Повесь меня, Мальвину

Марелла Неупокоева
-- Повесь меня.

В мрачном торжестве чарующей своим гнетом ночи, она сдавленно и хрипло прошептала эту сакраментальую фразу.

Вперилась в меня, пытаясь отыскать в моих глазах давно растраченную и потерянную душу, улетевшую в Небытие.

-- Ни что не имеет значения, смысла, важности, -- ты понимаешь? Миры несутся в гробовой пляске. Все катится к чертям.

Она вздохнула глубоко. Вздрогнула. Отвернулась, когда слеза потекла по алебастровой щеке.

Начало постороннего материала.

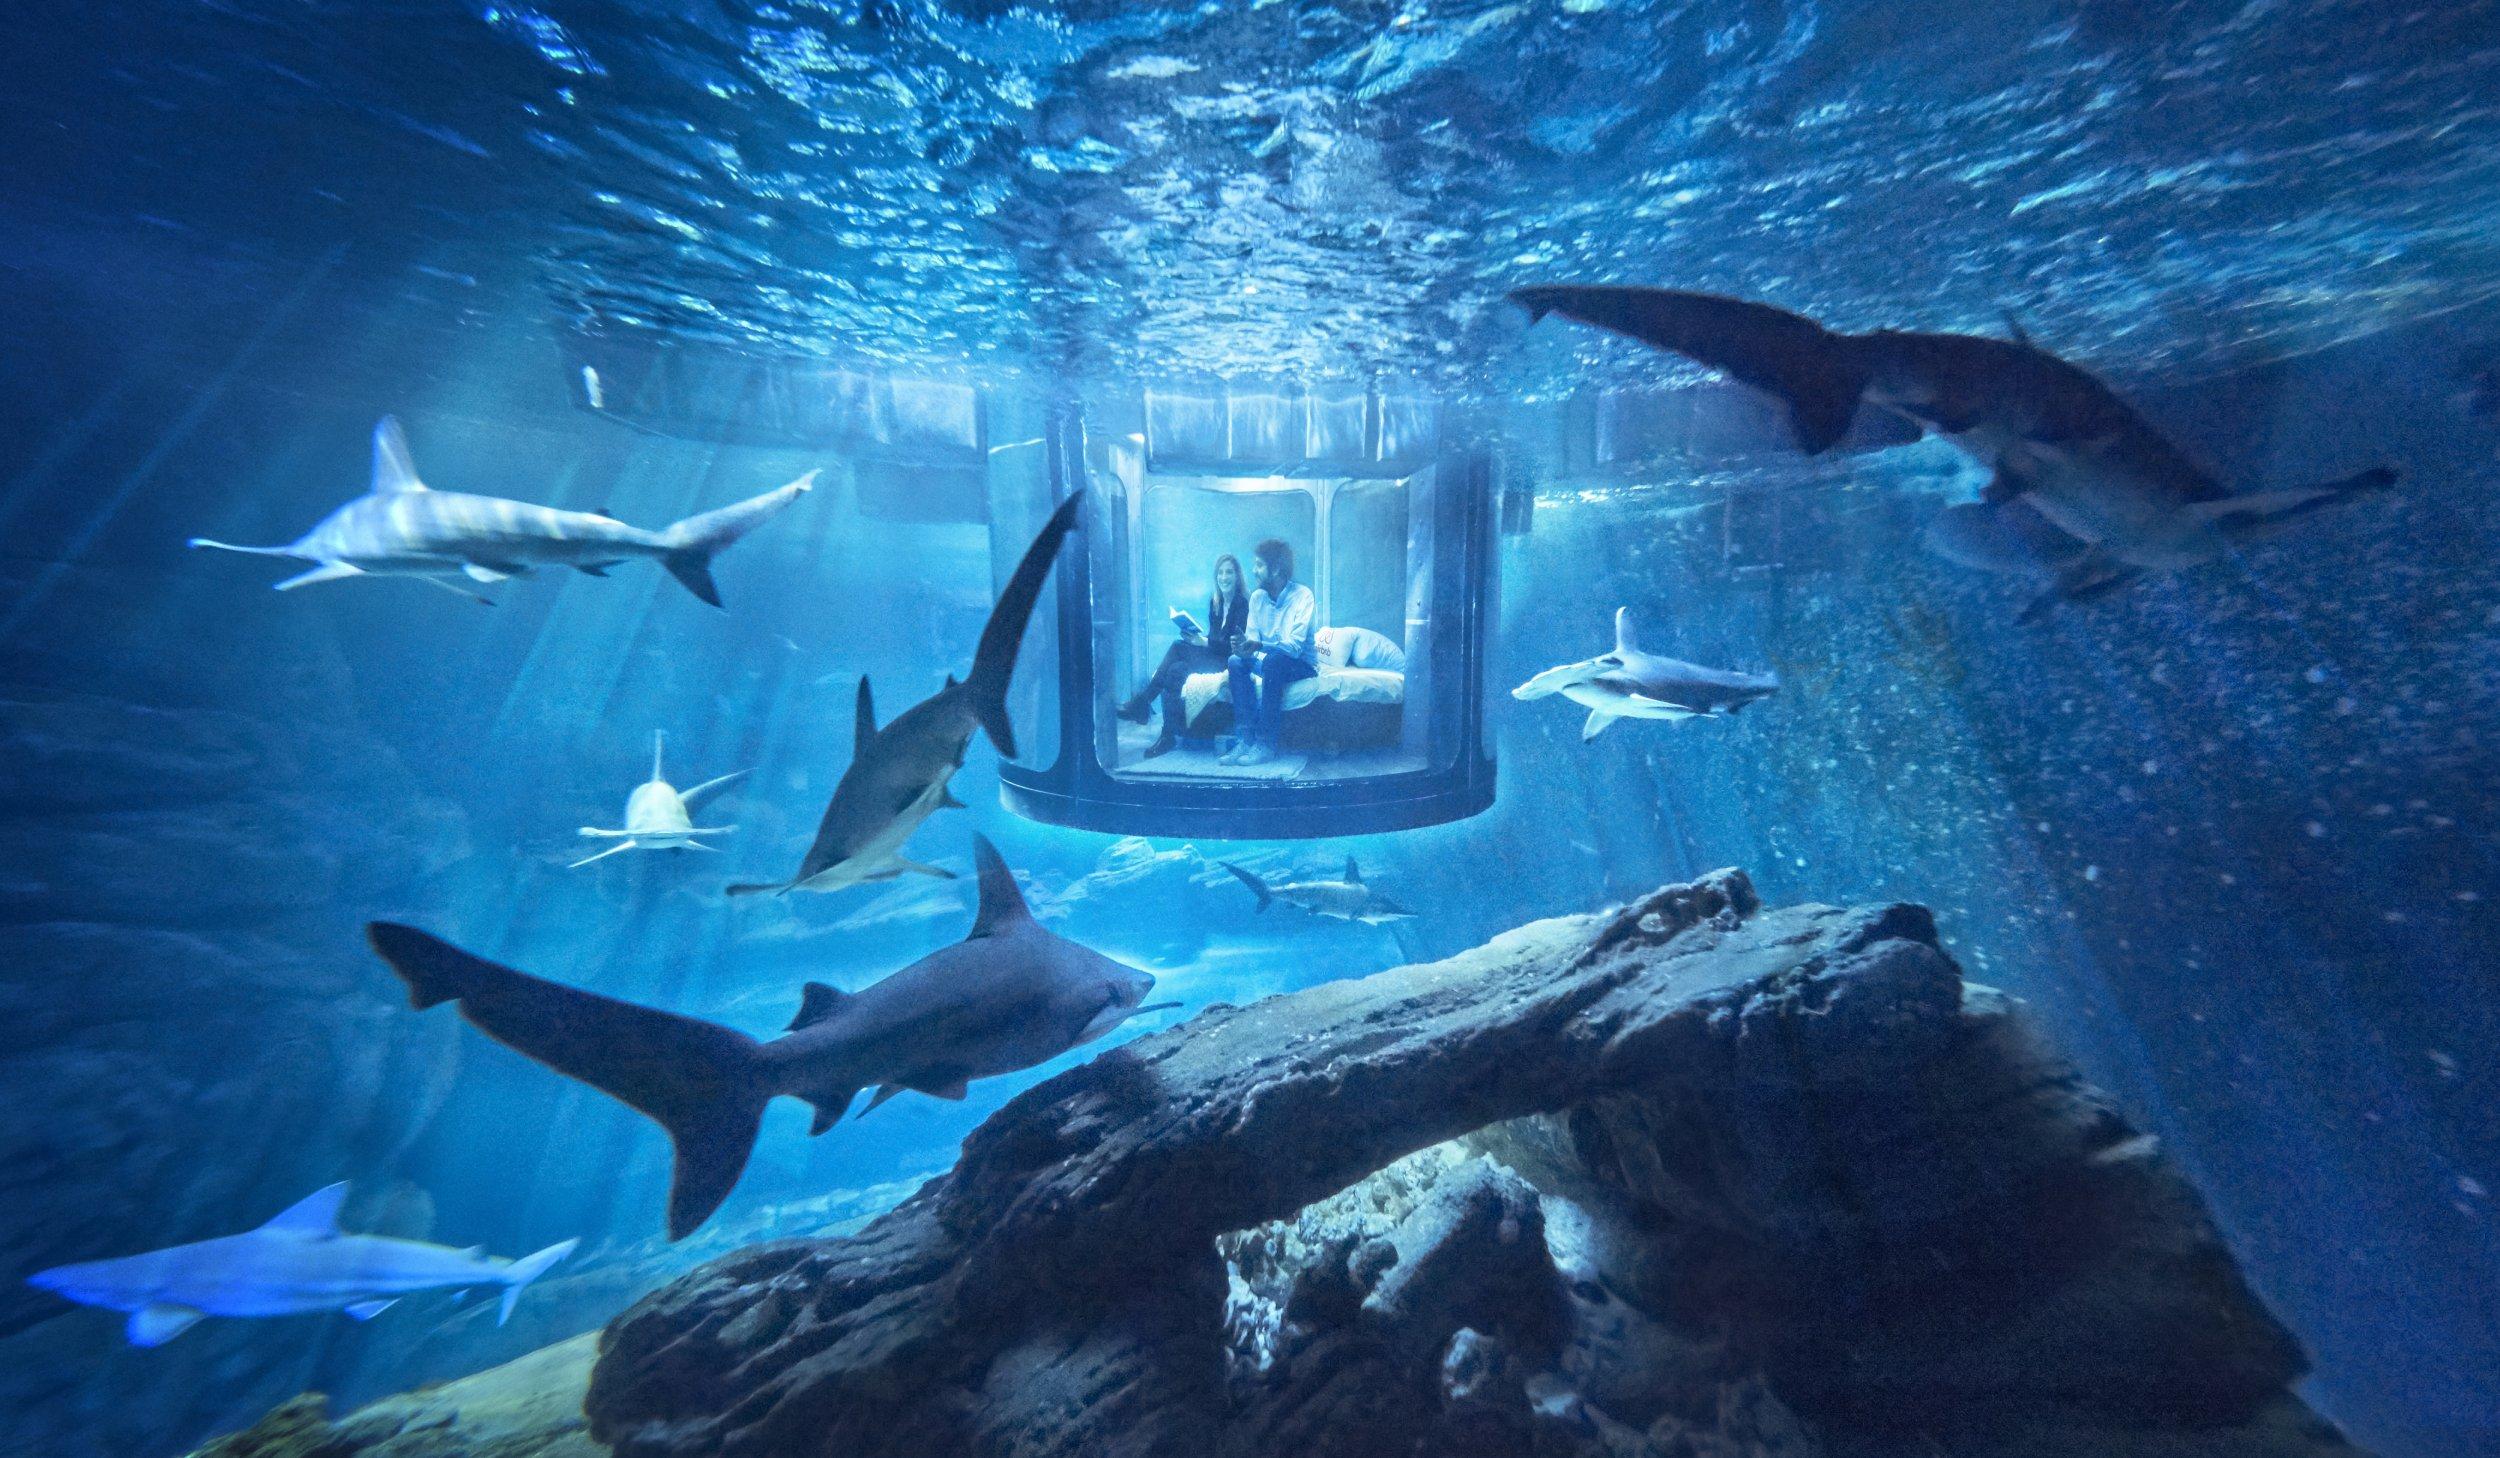 Aquarium de Paris hosts the first ever underwater bedroom on Airbnb Must link: https://www.airbnb.co.uk/night-at/shark-aquarium

-- Дорогая ты моя! О, не лукавь, Мальвиночка, -- я взял ее за голубые волосы и резко дернул, повернув лицом к себе. Пустые бирюзовые глаза блестели от слез. -- Полчаса назад ты слизывала мою мочу с пола и извивалась, полуголая. Волосы до сих пор мокрые! И ты мне пытаешься доказать, что ничто не имеет смысла?

-- Теперь уже нет. Смысл моей жизни в моей смерти. Постарайся меня понять. Ты и сам хотел недавно свести счеты с жизнью, -- казнить самого себя через повешение. Удавка готова. Мыла не надо. Пусть эта прокуренная комната станет моим эшафотом! Я всего лишь хочу, чтобы именно ТЫ меня повесил. Ты -- зрелый и отрешенный от мира, настоящий мужчина, -- а не какой-нибудь сопляк. Разве я многого прошу?

Какие печальные глаза, какой надрывный похоронный тон! Отказывать просто неприлично!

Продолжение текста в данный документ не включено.